Timuçin Şahin (born 3 February 1973) is a Turkish jazz guitarist and composer. He was awarded first prize at the Dutch Jazz Competition in 2001 and second prizes at the Jur Naessens Music Award in 2002, and the Deloitte Jazz Award in 2006. He has so far released five contemporary jazz albums, including solo releases, as part of the contemporary jazz trio On the Line, and as part of the Timucin Sahin Quartet and the Timucin Sahin Quintet.

==Career==
Şahin started playing guitar when he was 16 years old.
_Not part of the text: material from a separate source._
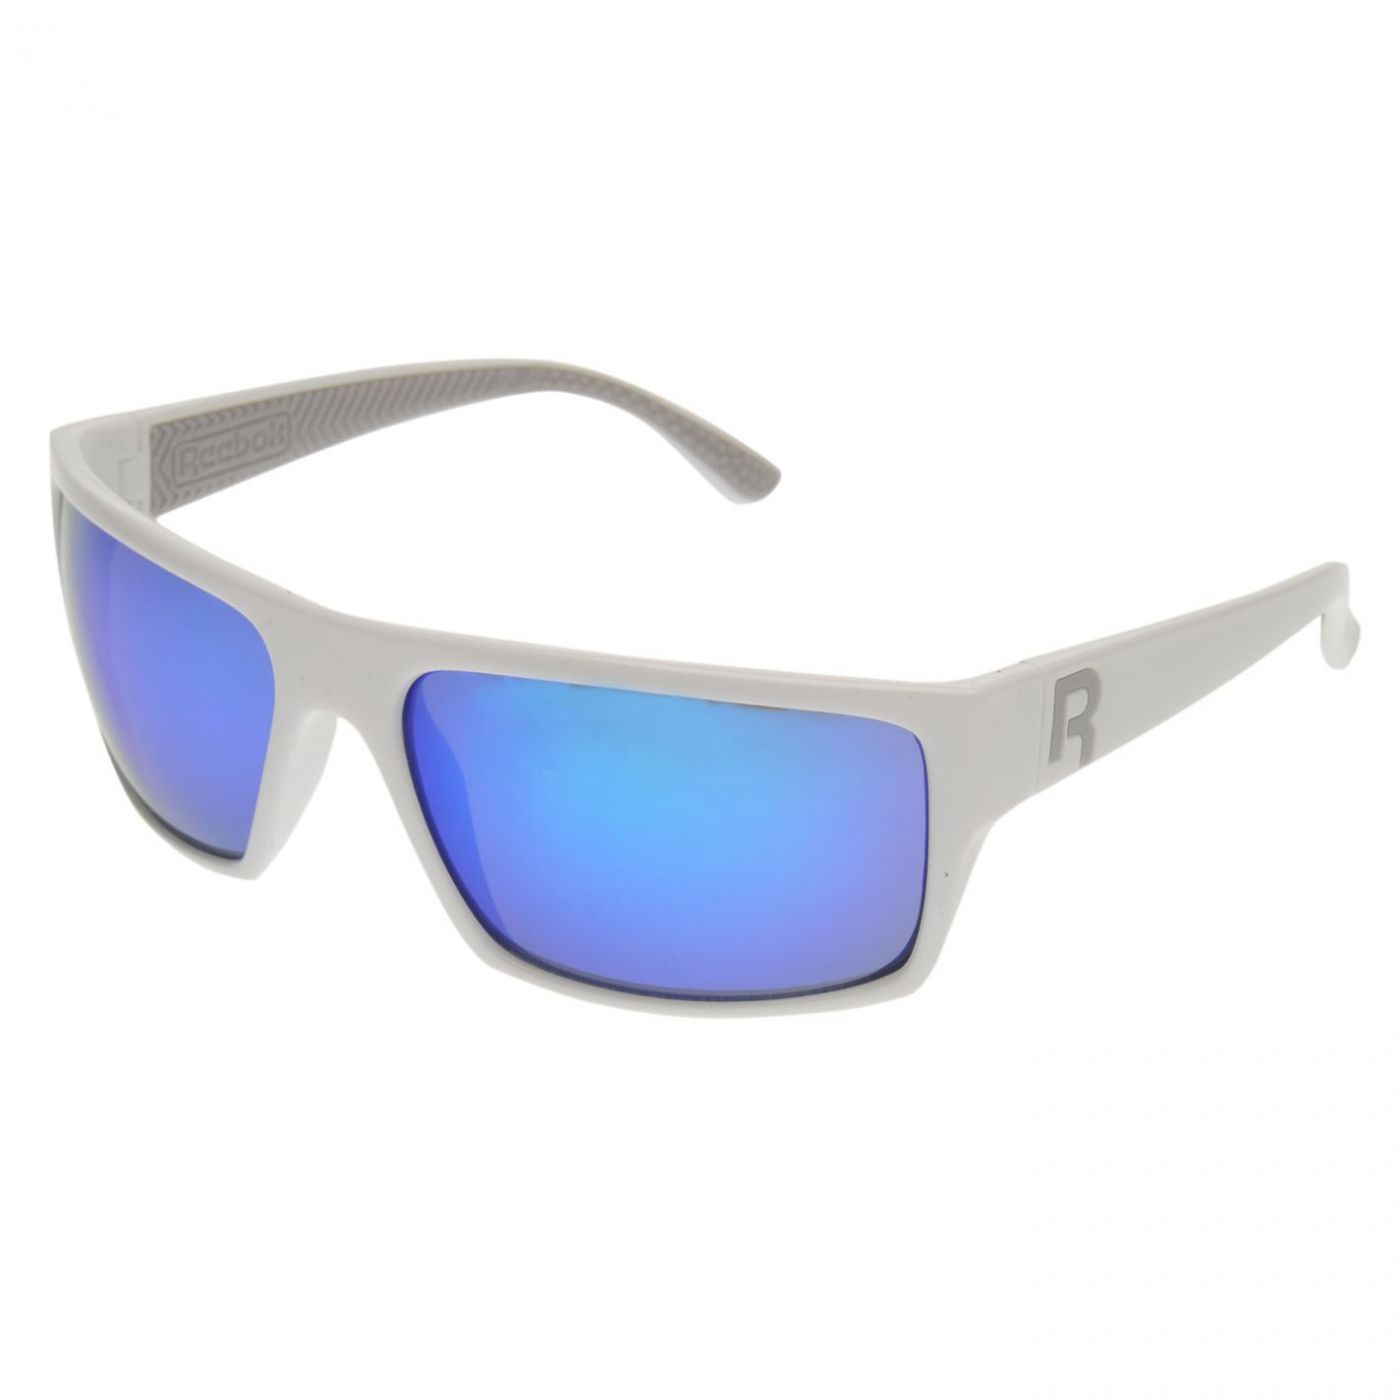 Buy \u003e reebok classic 4 sunglasses Limit

In 1992 he began studying jazz guitar with Joe Pass and John Abercombie at Hilversum Conservatory in Rotterdam, Holland. He went on to study classical composition with Daan Manneke at the Amsterdam Conservatory, and with and George Crumb at the Manhattan School of Music in New York.

He has played and recorded with Randy Brecker, Greg Osby, Robin Eubanks, Kai Eckhardt, Mike Mainieri, Mark Turner, Tony Moreno, Ernst Reizeger, Armando Gola, Donny McCaslin, Tyshawn Sorey, Thomas Morgan, Sean Rickman, Marcel Wierckx and Owen Hart Jr.
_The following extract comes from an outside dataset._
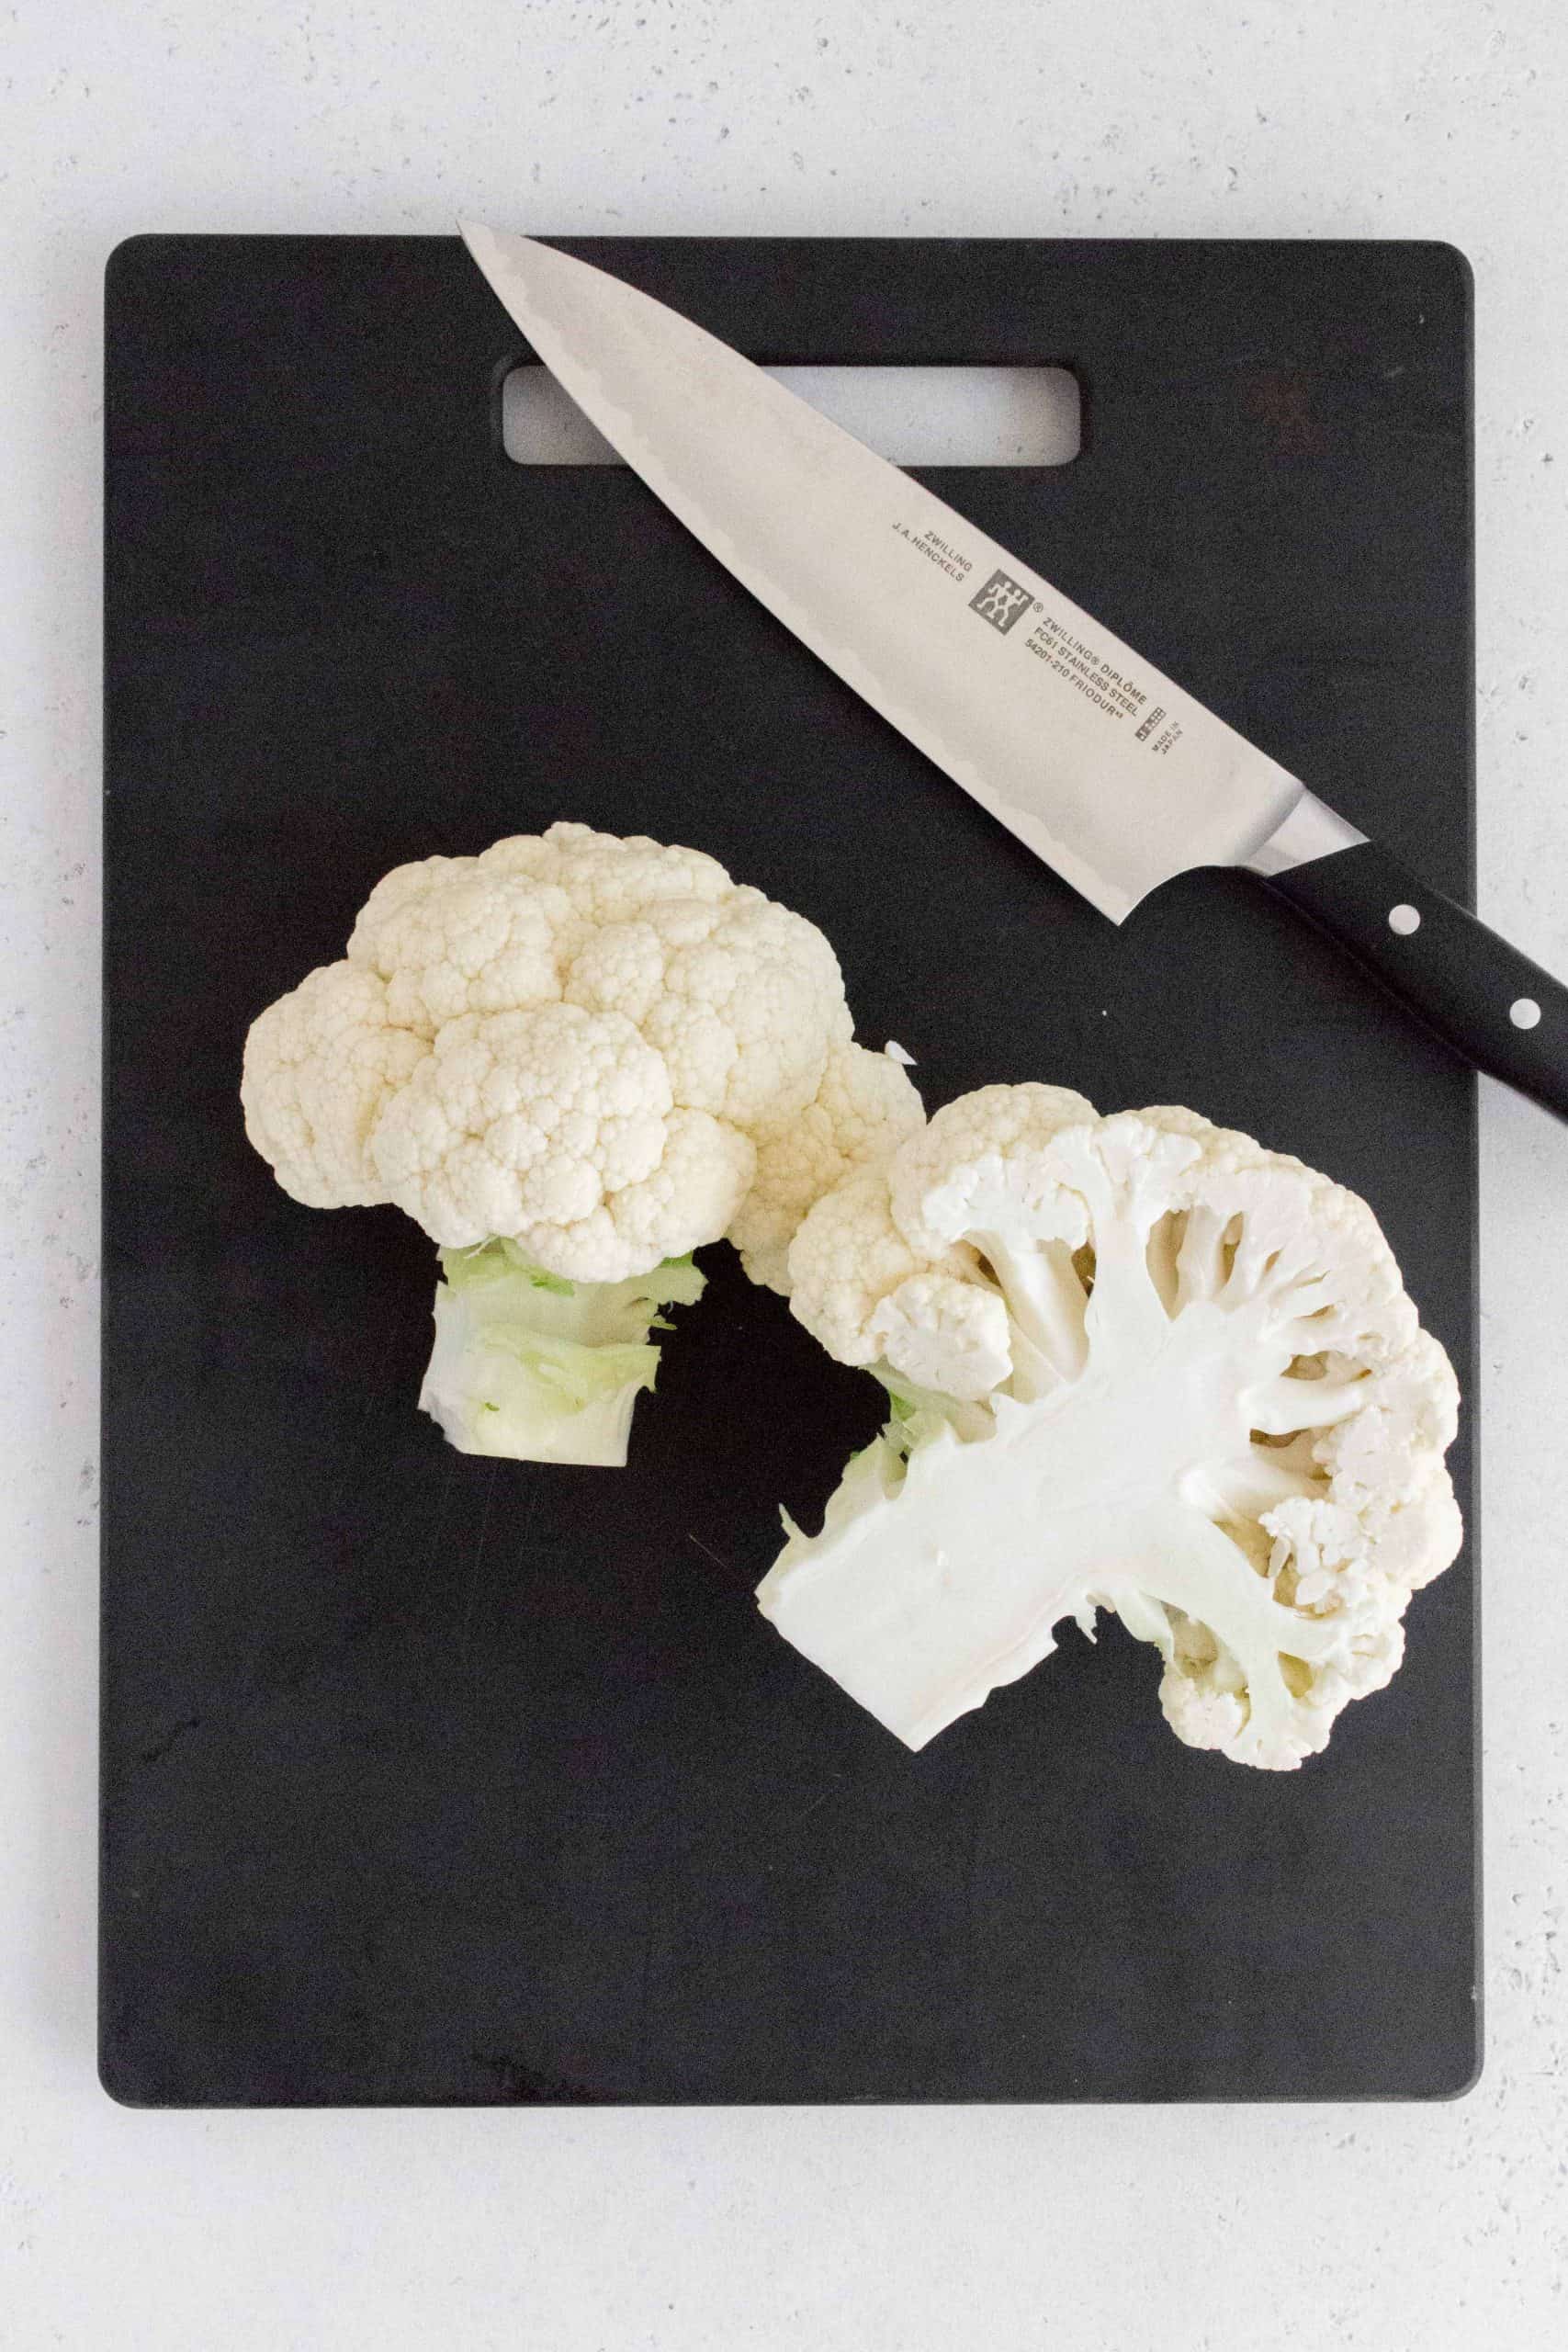 cauliflower cut in half from top to bottom

He has developed his own double necked guitar, on which he combines Indian scales and African rhythms with Western jazz improvisation. Currently, Şahin is a PhD candidate in composition at New York University.

His latest band quartet Timuçin Şahin's Flow State is based in New York City and comprehends jazz bassist Christopher Tordini, pianist Cory Smythe, drummer Tom Rainey (who replaced Sean Rickman).
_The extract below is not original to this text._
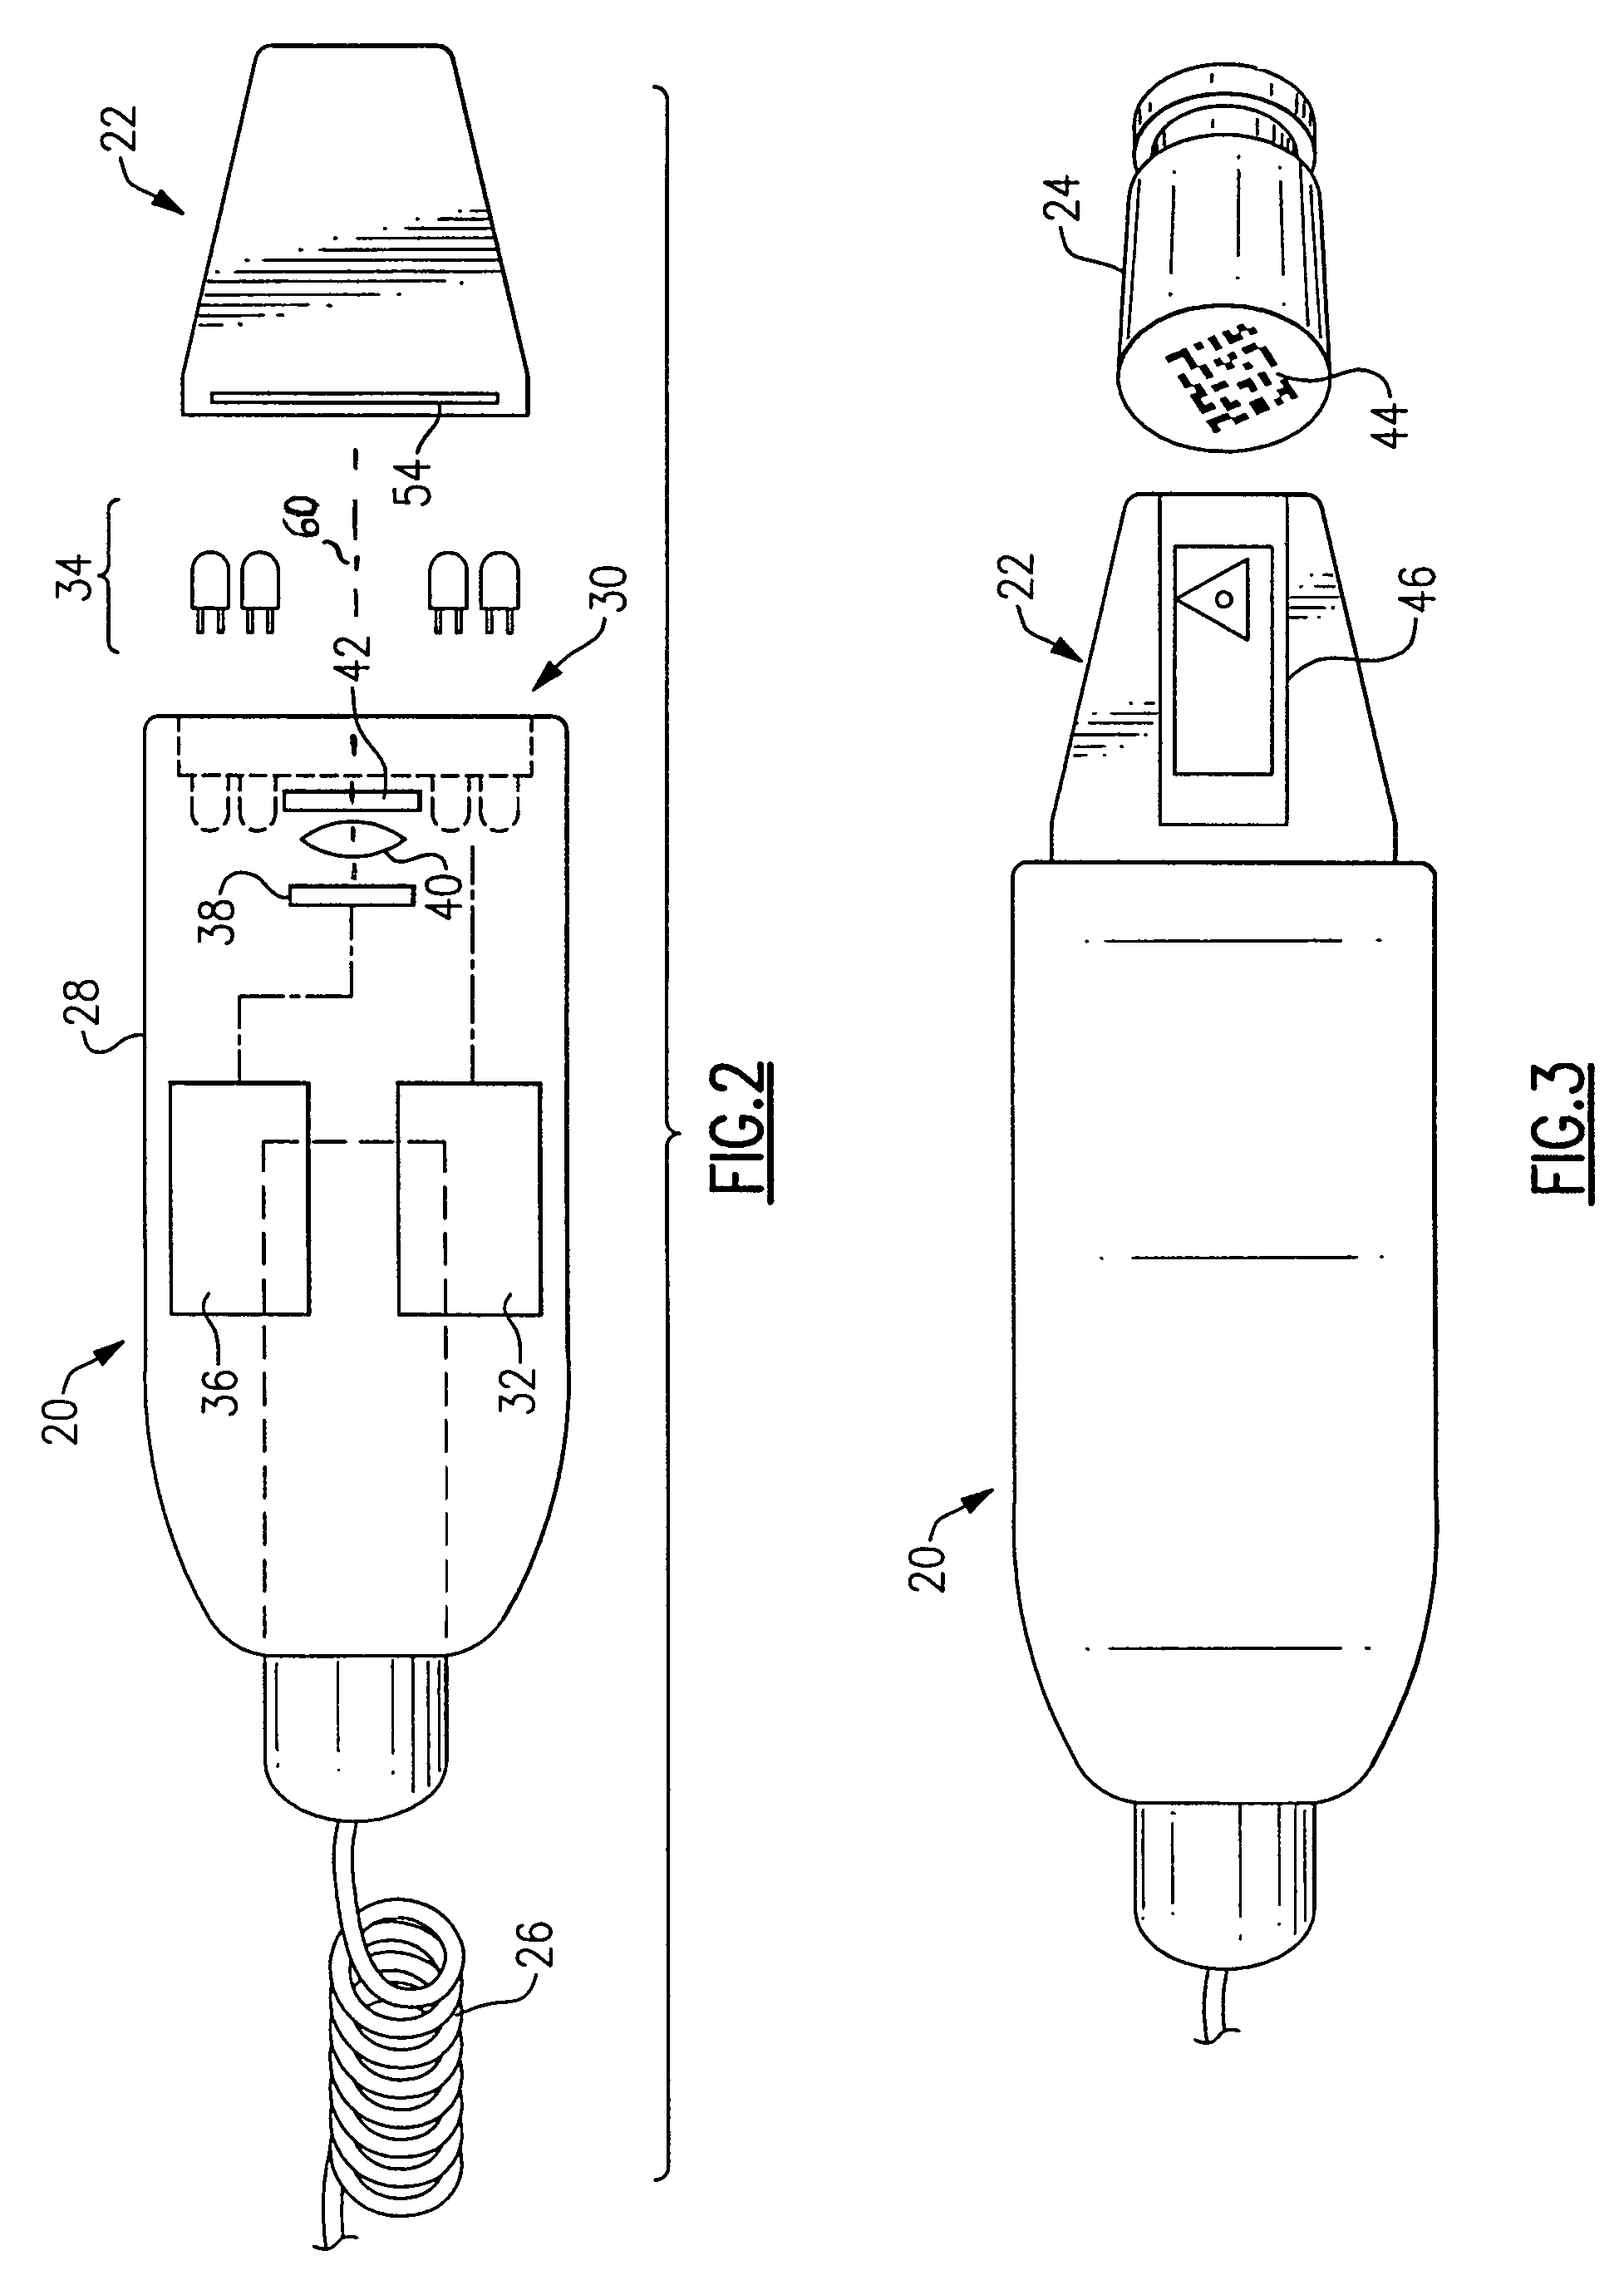 Fluorescent or luminescent optical symbol scanner

==Awards and recognition==
- 2001: first prize, Dutch Jazz Competition, On the Line
- 2002: second prize for his composition Occult at the Jur Naessens Music Award
- 2006: second prize in the Deloitte Jazz Award, performing with the Concertgebouw Jazz Orchestra, Amsterdam

==Discography==
- On the Line: The Unexpected, 2001
- Slick Road (with Robin Eubanks, Hein van de Geyn, Afra Mussawisade and B.C. Manjunath), 2003
- Window for my breath (with Kai Eckhardt and Owen Hart Jr.), 2005
- Amsterdam, de Wereld (KLR014): Elif'e Mektuplar [5'] soprano, bass clarinet, violoncello
- Timuçin Şahin Quartet: Bafa (with John O'Gallagher, Tyshawn Sorey, and Thomas Morgan), 2009
- Timucin Sahin Quintet: Inherence (with John O'Gallagher, Tyshawn Sorey, Christopher Tordini, and Ralph Alessi), 2013
- Timuçin Şahin's Flow State: Nothing Bad Can Happen (Challenge, 2017)
- Timuçin Şahin's Flow State: Funk Poems For 'Bird' - A Homage To Charlie Parker (Kaian, Panoramic Recordings 2022)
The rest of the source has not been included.